Volume 16, No.3 Page 224
4. SPring-8 通信/SPring-8 Communications
2008A期実施開始の長期利用課題の事後評価について -1-
Post-Project Review Results of Long-term Proposals Starting in 2008A -1-
2008Aに採択された長期利用課題について、2010Bに3年間の実施期間を終了しましたので、5月に長期利用分科会による事後評価が行われました。
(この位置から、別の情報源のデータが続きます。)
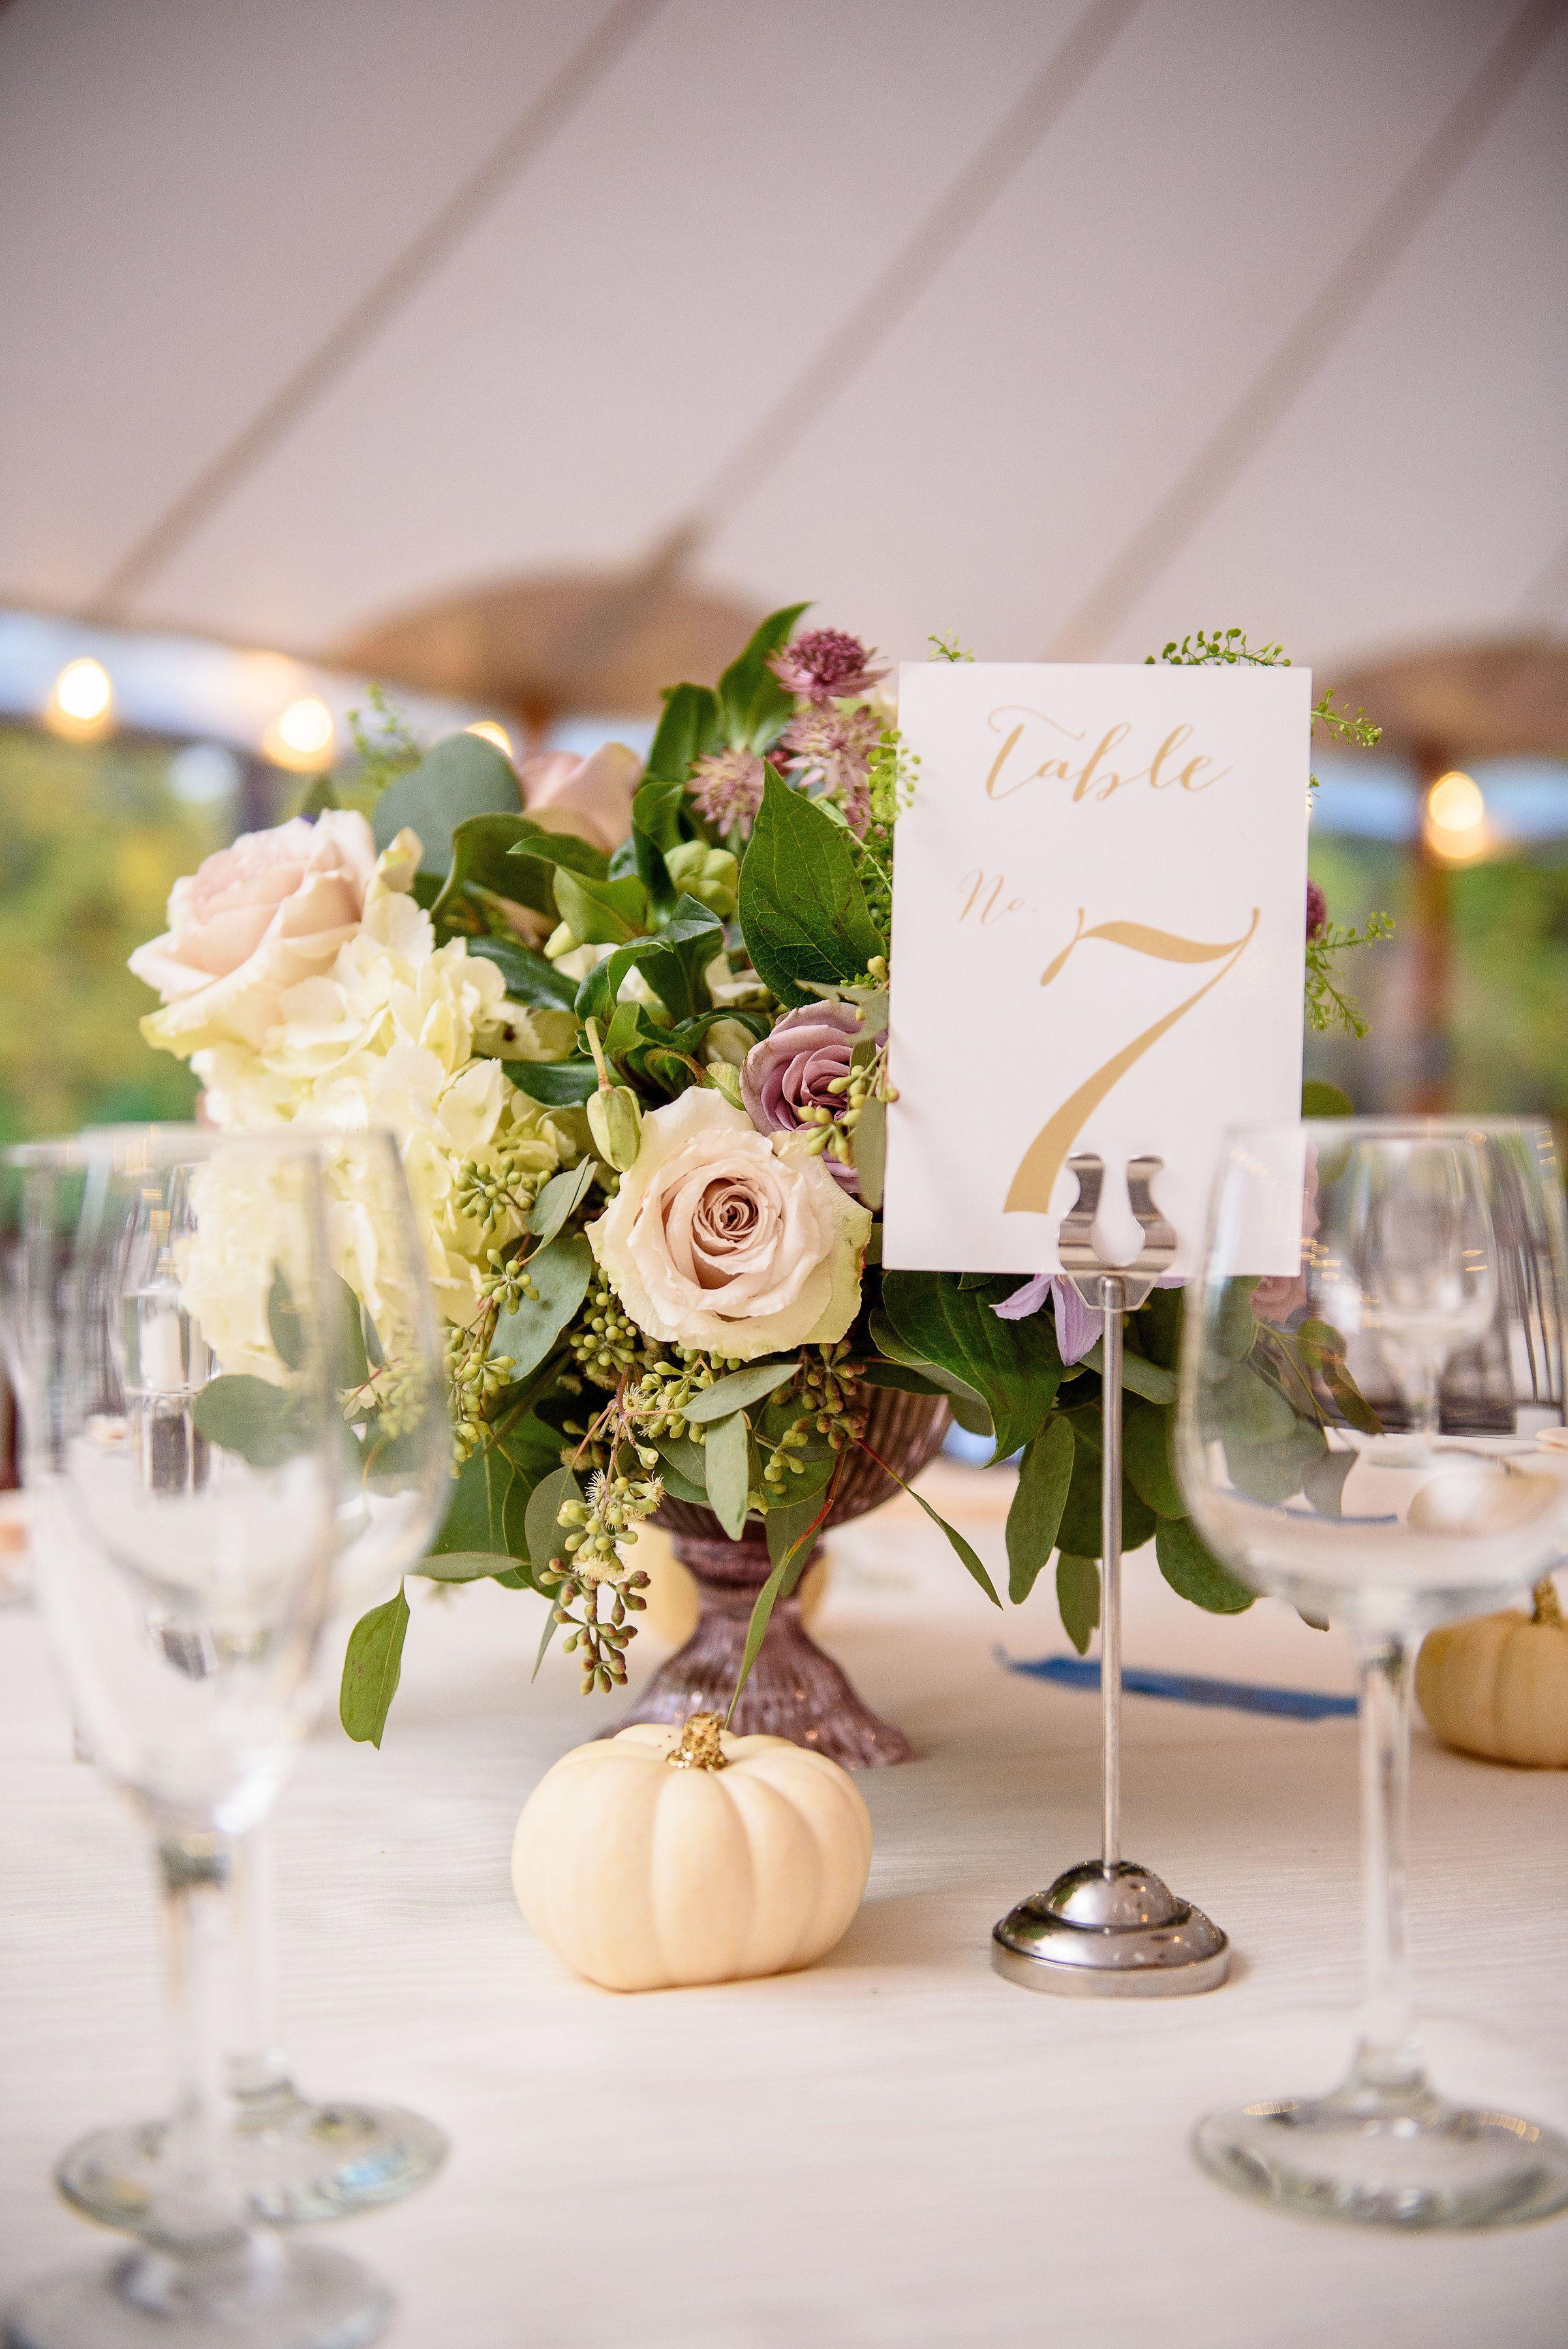 Wedding Reception At Willowdale Estate Boston Massachusetts Blush Wedding Centerpieces Fall Wedding Reception Decorations Wedding Reception Centerpieces Fall
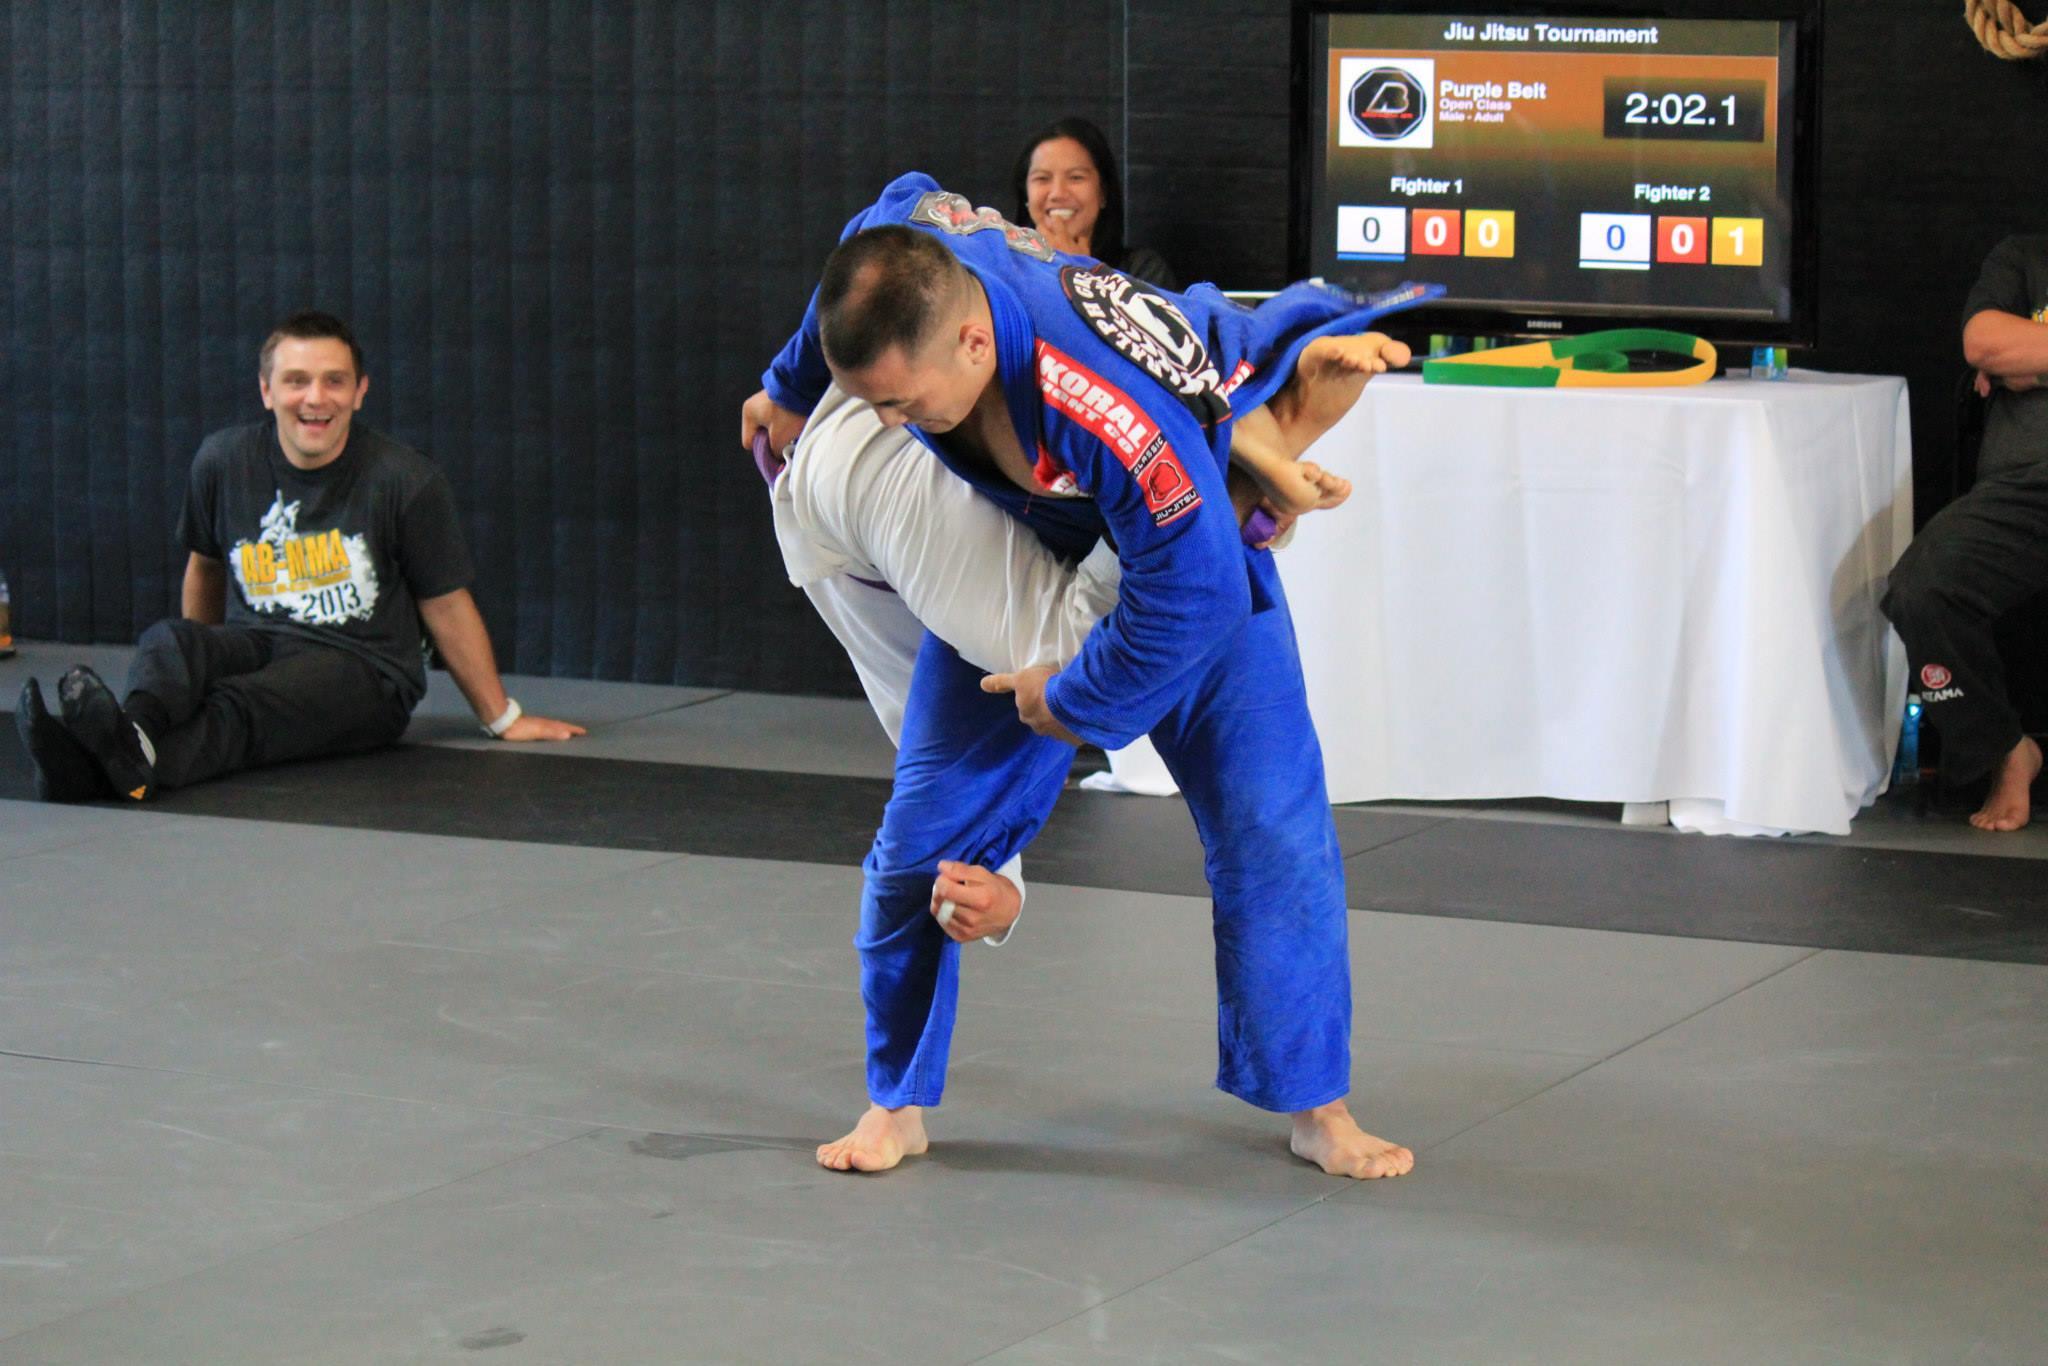 ab tournament july 20 hiroshi matsui

事後評価は、長期利用分科会が実験責任者に対しヒアリングを行った後、評価を行うという形式で実施し、利用研究課題審査委員会で評価結果を取りまとめました。以下に対象となる長期利用課題2課題のうち、評価を受けた1課題の評価結果を示します。研究内容については本誌197ページの「最近の研究から/Long-term Report」に実験責任者による紹介記事を掲載しています。
なお、2008Aに採択された長期利用課題2課題のうちもう1課題については、今秋に事後評価を実施する予定です。
課題名 | Structural Study of Regulated Intramembrane Proteolysis |
実験責任者 | Nieng Yan(Tsinghua University) |
採択時課題番号 | 2008A0018、0019 |
ビームライン | BL38B1(2008A0018)、BL41XU(2008A0019) |
配分総シフト | 18シフト(BL38B1)、54シフト(BL41XU) |
〔評価〕
本課題は、制限的膜内切断(RIP)の構造生物学的研究をテーマに、GlpG基質複合体、rhomboidプロテアーゼ、S2P、SPPといった膜内在性プロテアーゼの構造解析とそれに基づく機能解明を目指した研究課題として採択された。そのうちの1つS2Pに関しては大腸菌ホモログであるRsePの細胞質領域の構造解析に成功し、その構造に基づいて制御機構を明らかにすることに成功した。申請者のグループは他にも多くの重要な膜蛋白質の構造を明らかにし、Nature等の高レベルのジャーナルに発表している。特に、FucPおよびUraAという2つの輸送体の構造解析は非常にインパクトの高いものとして評価できる。しかしこれら2つの蛋白質の構造解析は申請時のテーマとは関係が薄いことと、本来のテーマである制限的膜内切断に関連するその他の蛋白質については、多大な努力にも関わらず大量発現、精製、結晶化などの問題点を解決することができず、期間内に構造を明らかにすることができなかった点は残念である。
一方、SPring-8を長期的かつ計画的に利用することによって、この分野において傑出した成果を挙げた点については評価できる。